[Start of Attachment]

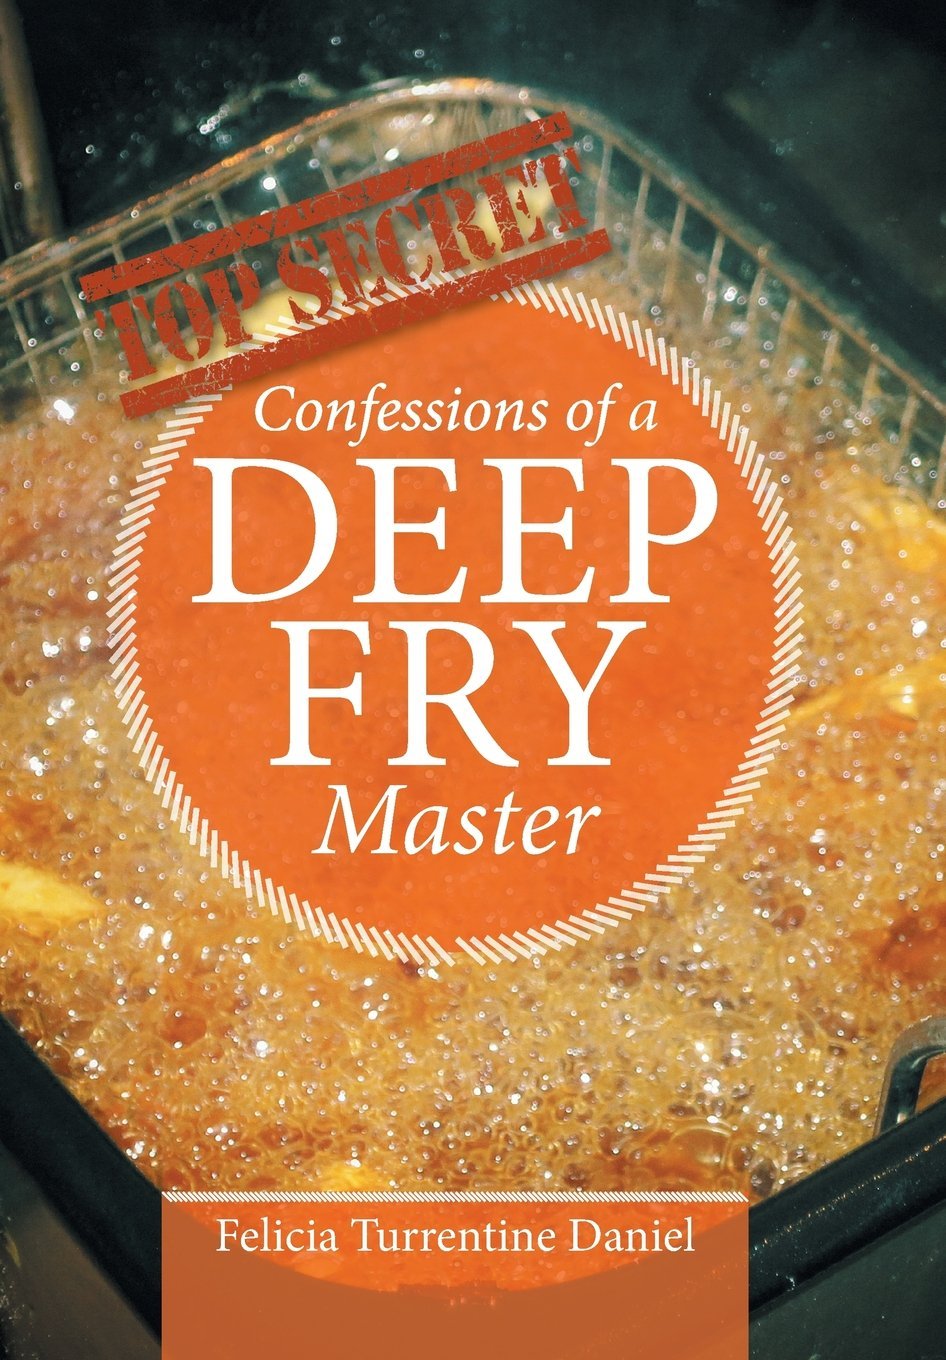 Confessions of a Deep Fried Master by Felicia Turrentine-Daniel
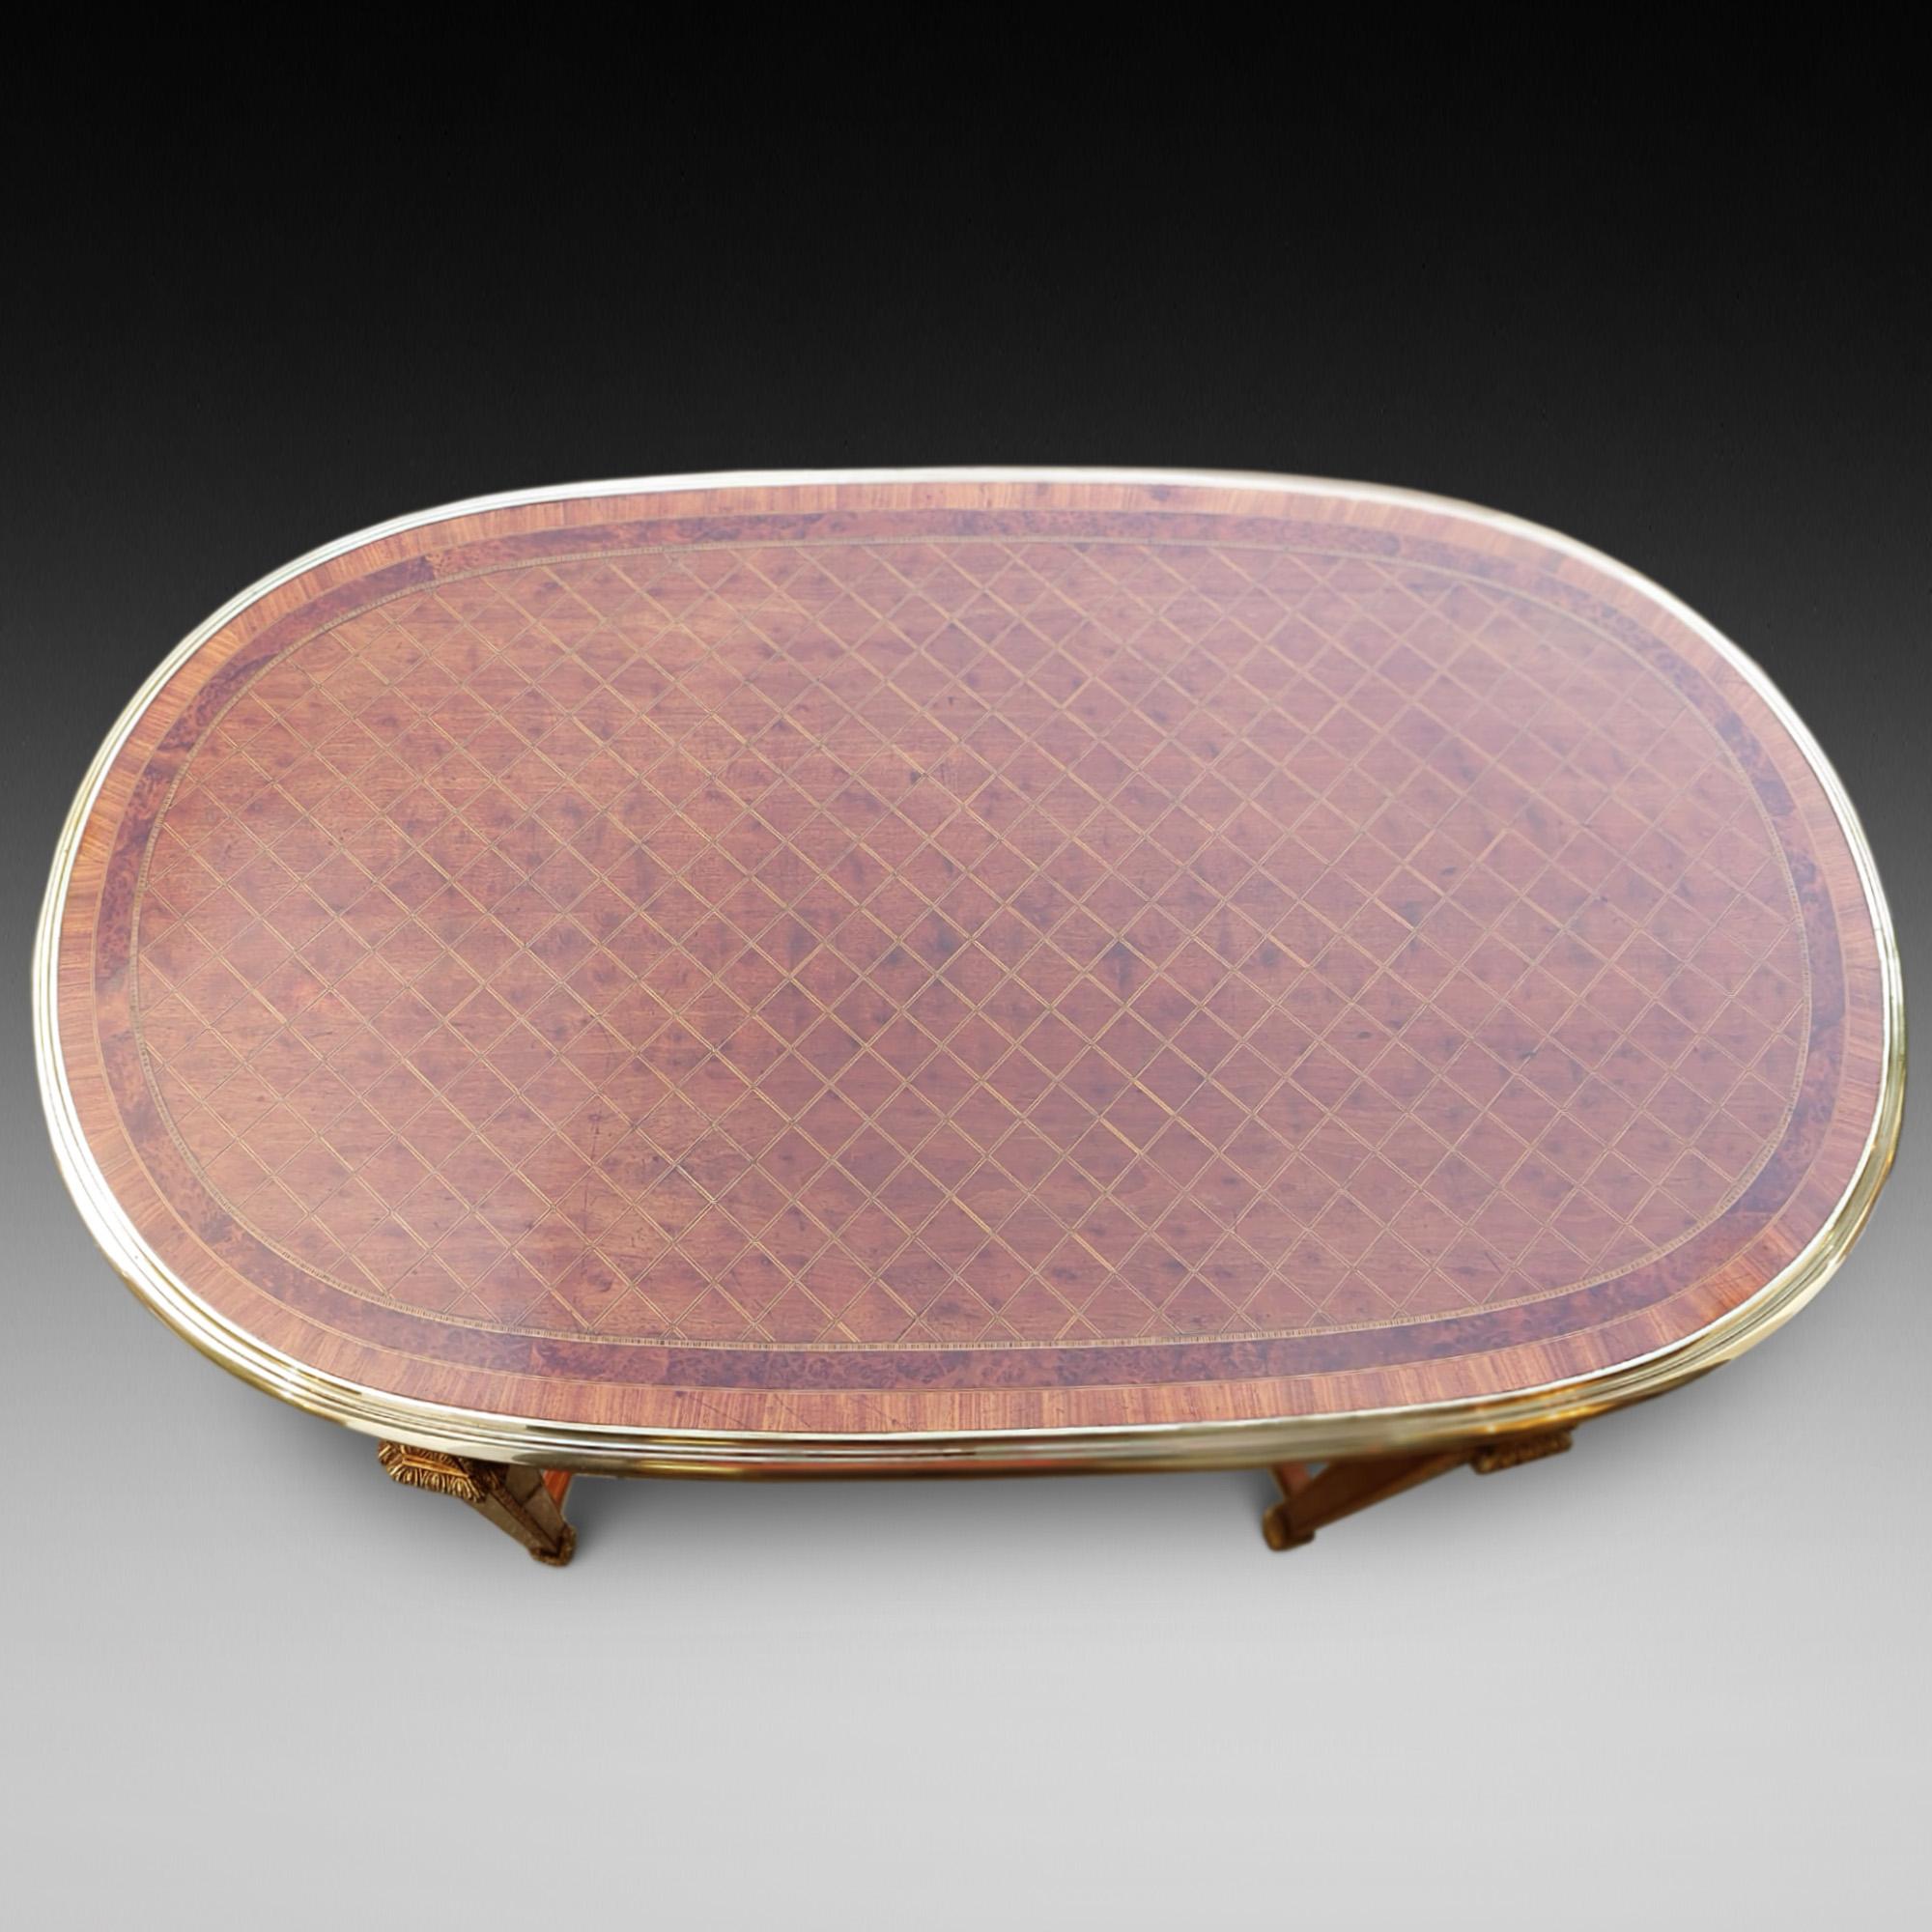 Loius XVI Style Inlaid Centre Table the brass banded top with amboyna and rosewood crossbanding and diamond inlay, curved X-Stretcher and the base decorated with ormalu - English c1860 - 47
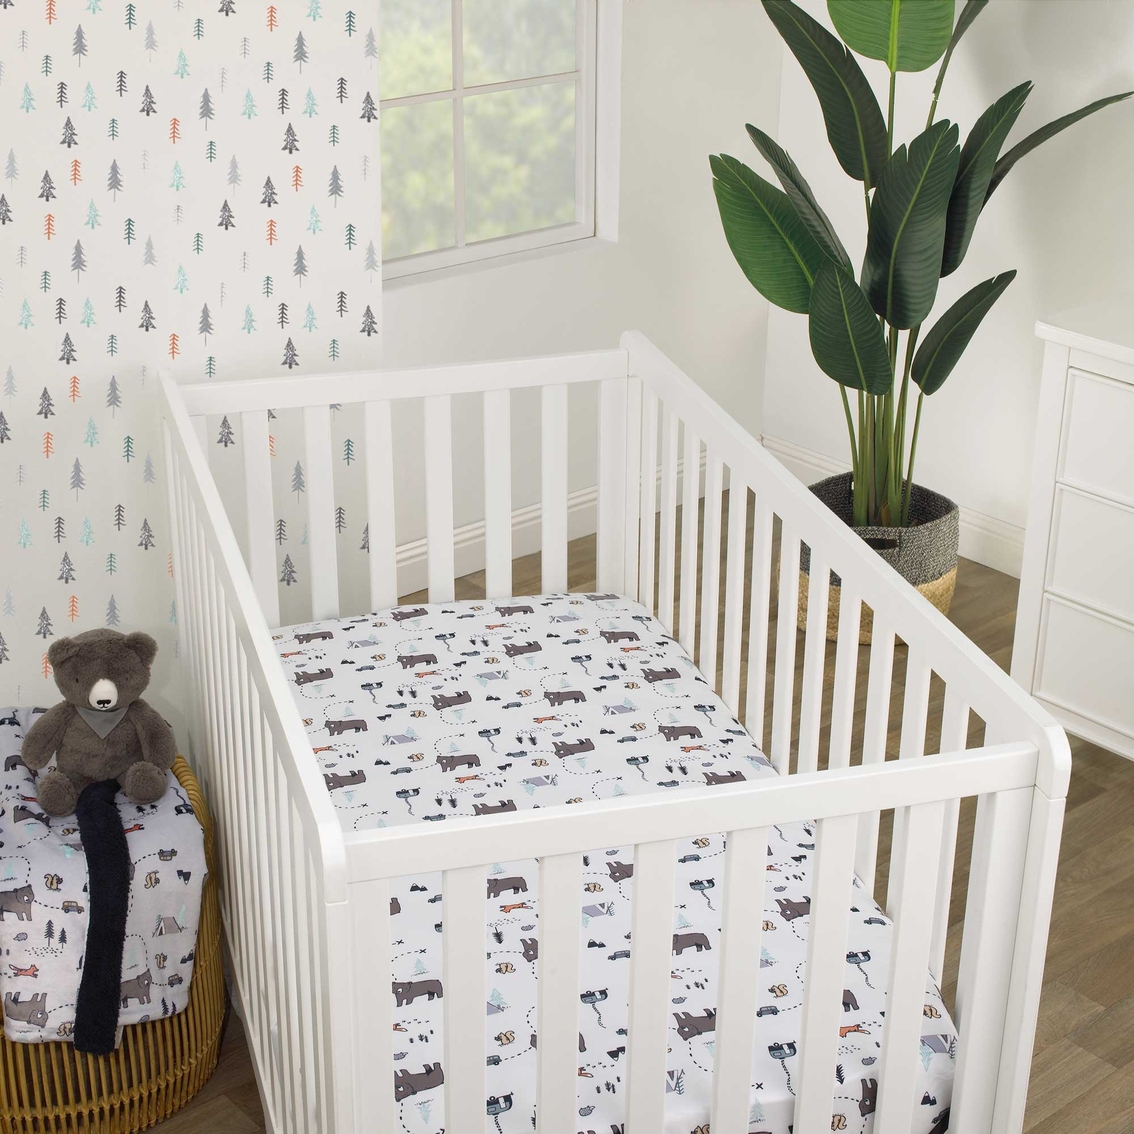 Carter's Woodland Friends Fitted Crib Sheet - Image 4 of 5
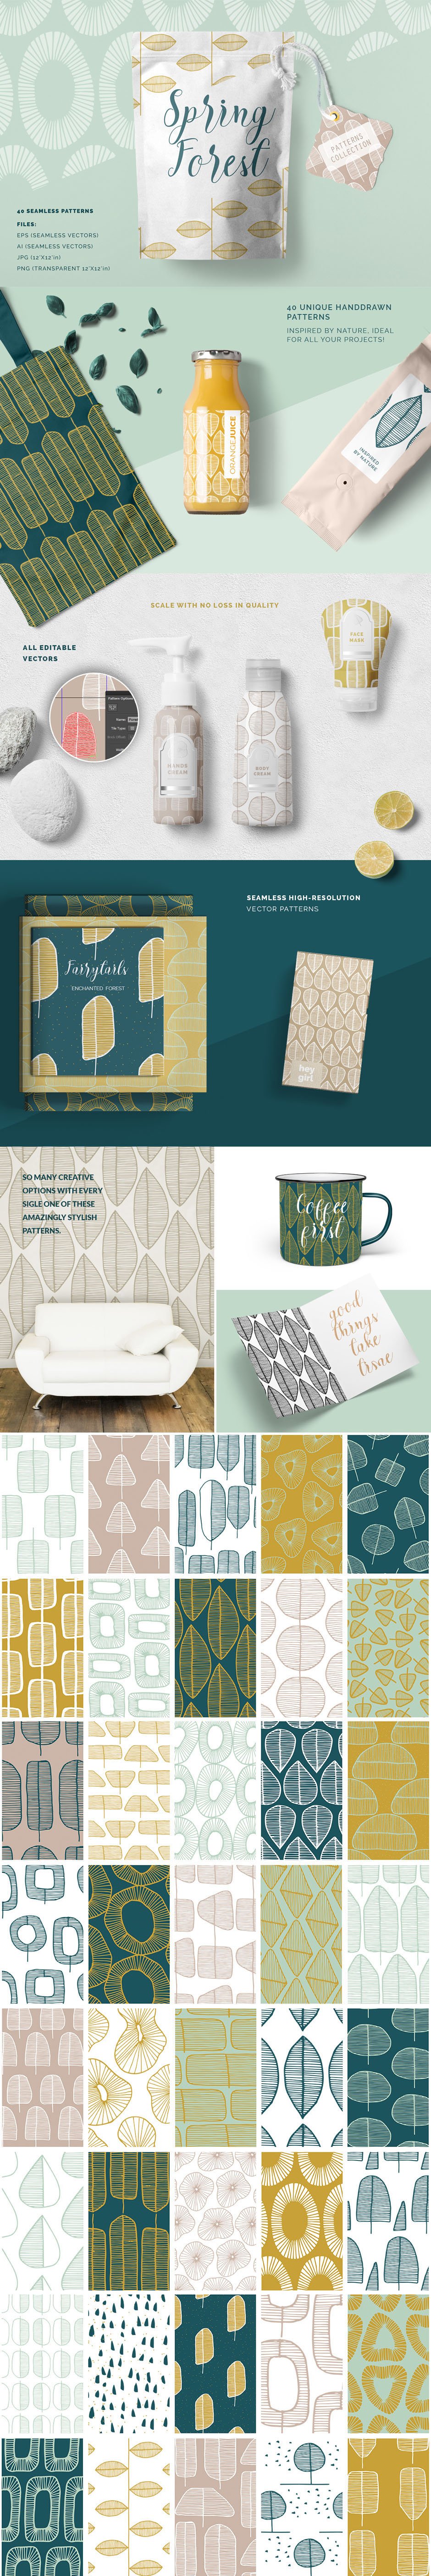 The Comprehensive Texture and Patterns Collection

[End of Attachment]

» REQUIREMENT:
Transcribe the data exactly and leave no picture in the copy.

» ANSWER BOX:
 Confessions of a Deep Fried Master by Felicia Turrentine-Daniel
 Loius XVI Style Inlaid Centre Table the brass banded top with amboyna and rosewood crossbanding and diamond inlay, curved X-Stretcher and the base decorated with ormalu - English c1860 - 47
 Carter's Woodland Friends Fitted Crib Sheet - Image 4 of 5
 The Comprehensive Texture and Patterns Collection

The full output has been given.